Les ordres de grandeur, Julien Sansonnens

Les ordres de grandeur

Julien Sansonnens, Edition de l'Aire

Alexis Roch, journaliste apprécié et respecté, présente le 20 Heures chez SwisscastTV. Il travaille son image et prend soin de son apparence pour séduire le public. Cependant, même s’il se présente au monde comme un homme net et sans reproche, il aime tout particulièrement appâter et posséder les femmes. Tout lui sourit jusqu’au jour où, se lançant dans la course au Conseil d’Etat de Genève, il se retrouve au cœur d’une dénonciation à caractère pédophile. Roch est-il coupable ou quelqu’un veut-il sa peau ? Pendant qu’il s’applique à faire éclater la vérité, une autre affaire ressurgit de son passé. Mais qui donc se cache derrière cette apparente droiture, derrière cet homme au visage lisse et au sourire charmeur ?

Avec son nouveau roman, « Les ordres de grandeur », Julien Sansonnens nous entraîne dans un polar helvétique passionnant où se mêlent le jeu de la politique et celui des médias. Un cocktail à base d’ingrédients indécents tels que mensonges, trahisons, manipulations et autres immoralités, nous tient en haleine jusqu’au dénouement de l’intrigue. Qui sont les coupables? Qui sont les victimes ? Le scénario est si bien ficelé que le lecteur s’y perd plus d’une fois.

Tout au long du récit, l’auteur nous balade sans transition entre les événements du passé et ceux du présent. Est-ce pour mieux brouiller les pistes ? Son écriture est sans retenue, parfois même licencieuse, certains épisodes décrits avec brutalité, d’autres avec cynisme. Toutefois, il sait détailler avec profondeur les sentiments de chacun de ses personnages, quels que soient leurs actions et les événements qu’ils vivent.

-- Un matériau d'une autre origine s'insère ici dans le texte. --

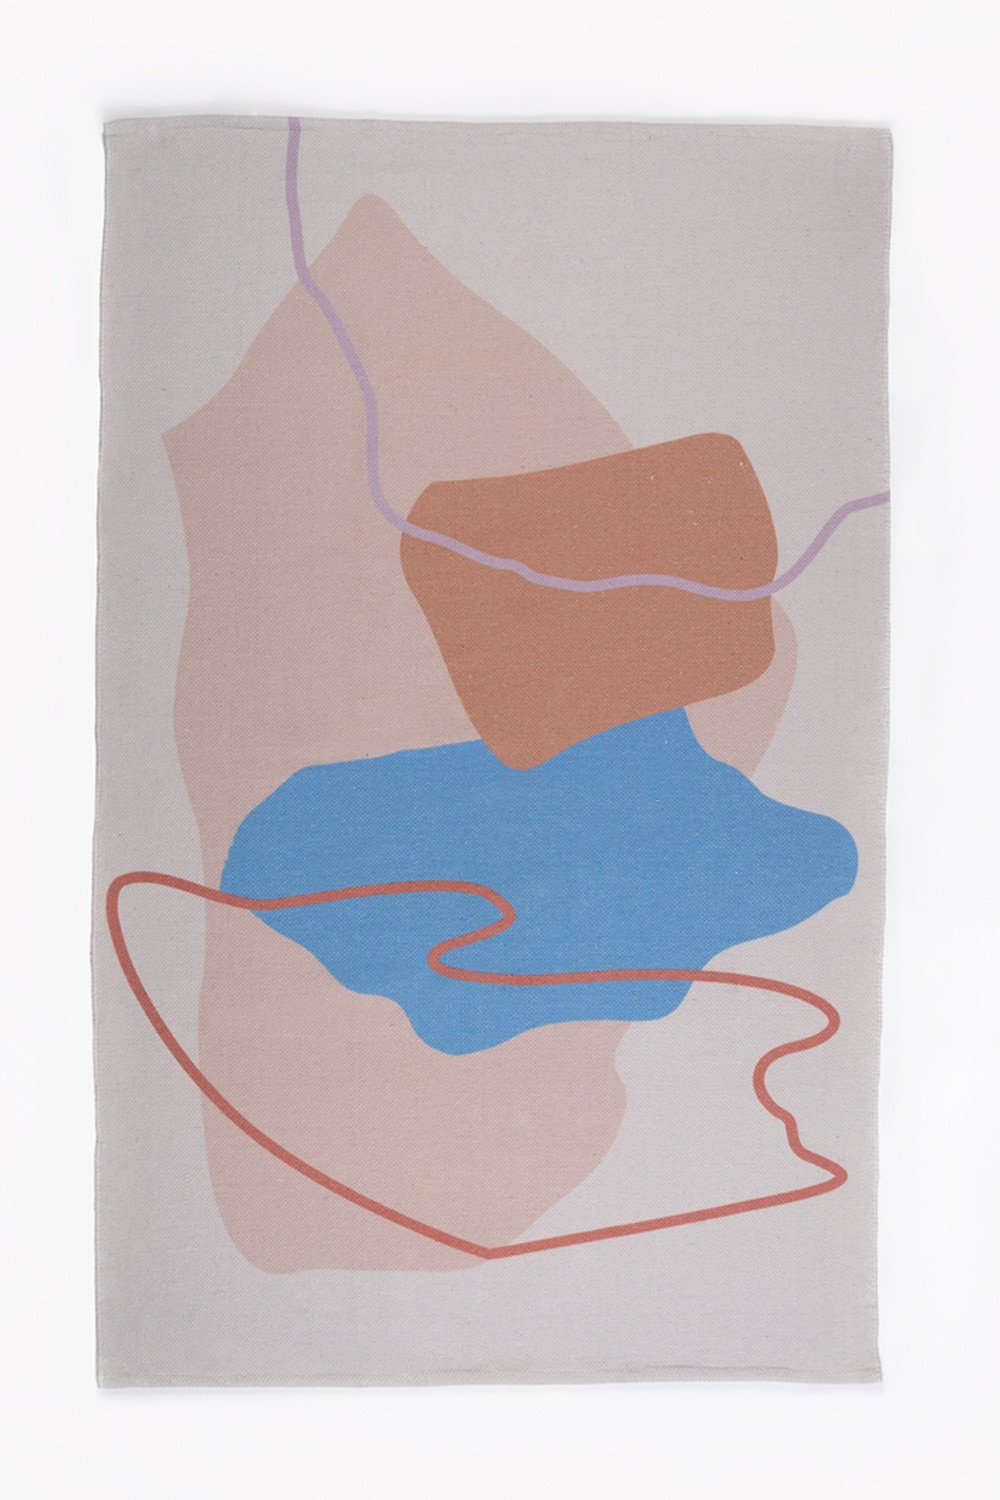 Katoenen vloerkleed (188x119 cm) Kandi, galerij beeld 1

Egalement, Julien Sansonnens retrace plusieurs moments forts qui ont fait l’actualité, dépeint avec précision certains endroits existants de la région où se passe l’intrigue, introduit quelques personnalités médiatiques. Ces détails intéressants donnent au lecteur l’impression de faire partie de l’histoire. Voilà un atout original de son roman.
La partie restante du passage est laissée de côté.